Synthesizing people, journey, and pains
Personas are a great way to summarize findings about people, their activities, behavioural traits, wants, frustrations...
After that, I often structure the customer journey by building a story, a visual representation of the  chronological steps.
Finally, I use the CGAR framework to structure painpoints by christalizing: Context, Goals, Activities, and Roadblocks. Context is the environment users are in. Goals are users’ personal objectives in that context. Activities are what users do to reach their goals. Roadblocks prevent activities from happening.
Creating design objectives
Now that we have a clear understanding of the people, their problems, and their journey, it is time to create quantifiable design goals.
For this, I like to use the Lean UX methodology and build design objectives using the following framework.
“We will achieve [business outcome] if [persona] can achieve [user outcome] with [feature]
Summary
Here, I execute the design objectives by following a design process from product requirements to high fidelity prototyping.
SOME USEFUL TOOLS
Whimsical
Figma
Sketch
Adobe Xd
Principle
Webflow
Zeplin
Main User involvement
For product requirements, we use exercises like affinity analysis and card sorting. Then, both moderated and unmoderated testing is done at low and high fidelity level.
Product requirements
This step is about working on the functional and system level of the product, its non visual aspect.

I start by listing features on a document to lay down the main functions that I feel are necessary for the product to work.

Then, I dissect features with user flows that show both user and non-user actions in order to dig deeper into the usability, and the complexity of implementation and operation.
After this, I work on the taxonomy to create a coherent product/information  categorization for their persona.

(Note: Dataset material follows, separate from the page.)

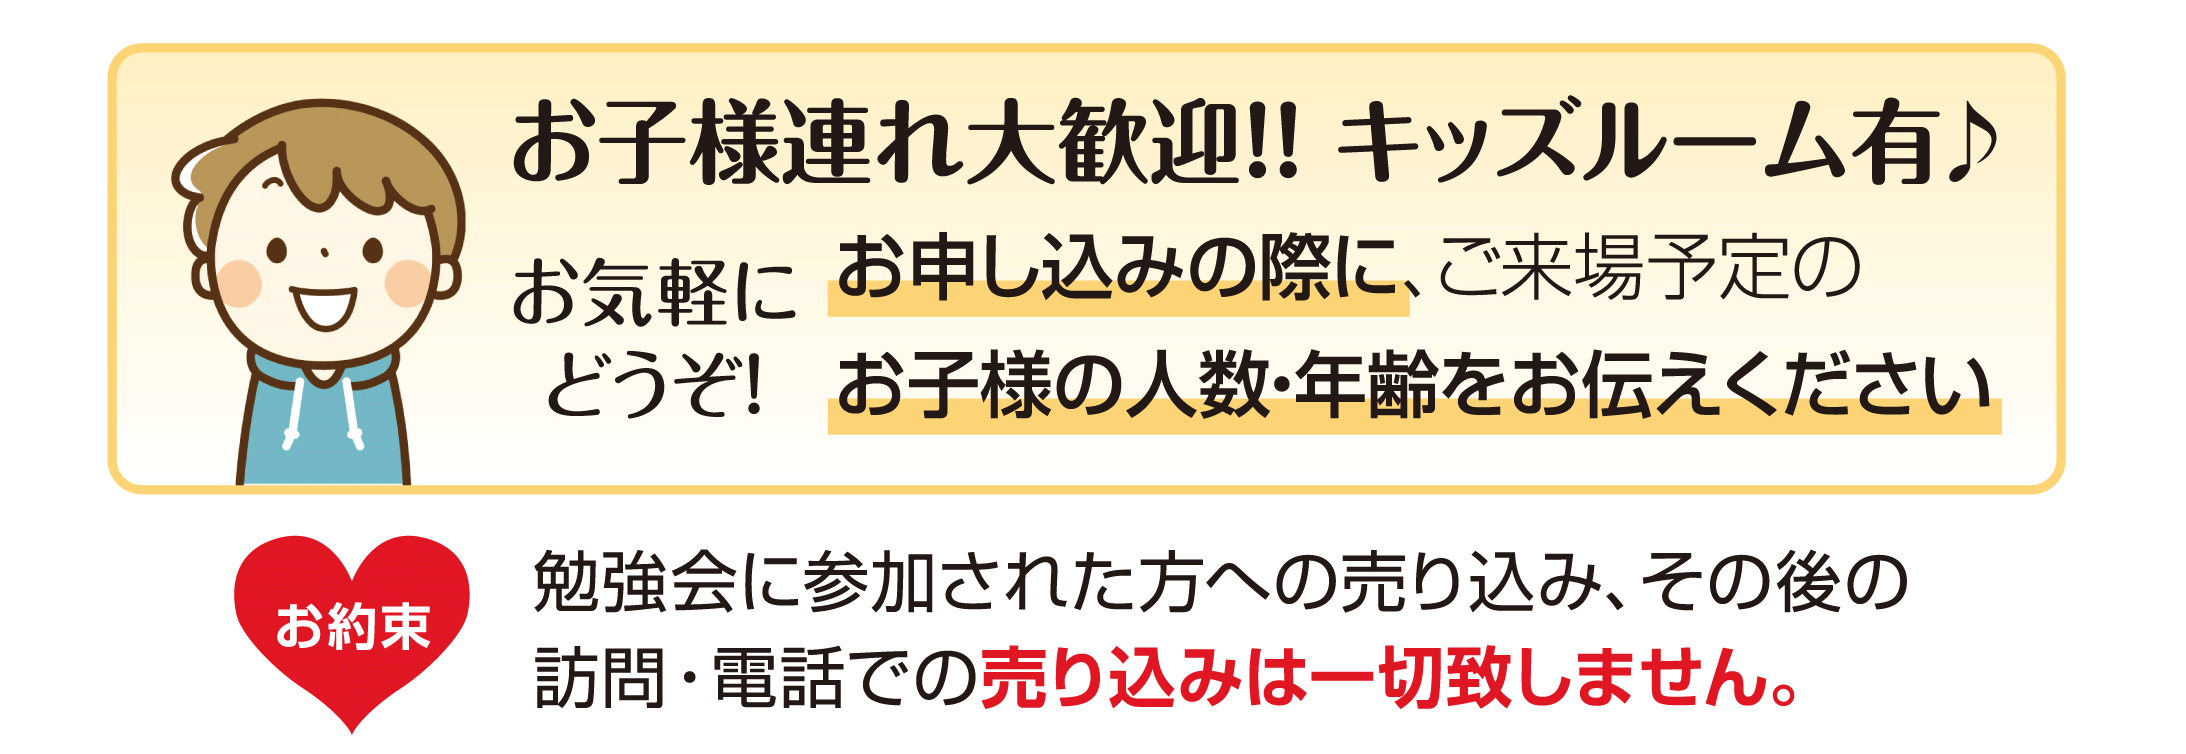 bemkyoukaichizu01
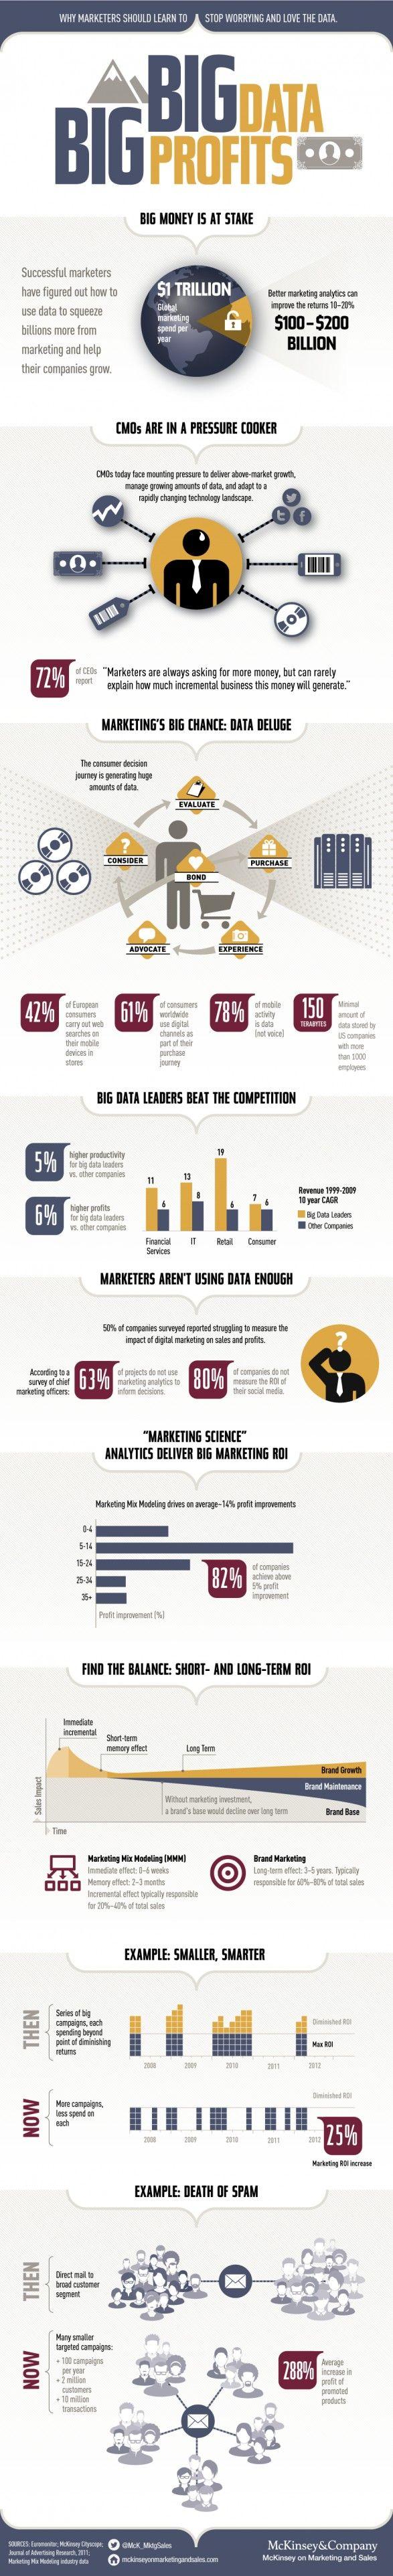 CMOs' Big Chance: Big Data (Infographic)

After that, I think about the navigation to create a coherent world where users feel safe and free.

Finally, I use blockframing to visualize the work and communicate it with the different stakeholders.
Low Fidelity
Time to work on the visual representation of the product.

I always like to start by doing some UX-UI research and ask myself: what existing experiences and elements could be useful here?
Then, I wireframe the product to work on its information and action hierarchy. What do we want users to see and do? vs. What do users actually want to see and do?

I find it useful to prototype at this level of fidelity. It helps me feel the main interactions and features early on.
Identity
Now we focus on the who is behind the product by creating a visual and verbal identity.

And now that Wireframes have revealed recurring UI elements, building or using a design system to deploy this brand at scale can bring visual consistency and increase high-fidelity efficiency.
High Fidelity
This stage is about iteratively applying the UI Kit to the wireframes, testing the changes through prototyping, and modifying either the UI kit or the interface thanks to the latest learning.
Here, I find that efficiency strongly depends on how well a design software is used (names, groups, symbols, styles...).
Shipping work
Now that the product is designed and we have validated that it will positively affect users’ experience, it is time to deliver the work to the development team.

With performance in mind, I start by creating an assets directory, organized by features or pages.
Tools like Figma take care of documenting interface level information (fonts, colours, dimensions). To document responsiveness, I use the “breakpoint-extremes method” (I design the smallest and widest display for each breakpoint), combined with written instructions if necessary. Finally, to document interactions, I use dedicated animation or prototyping software.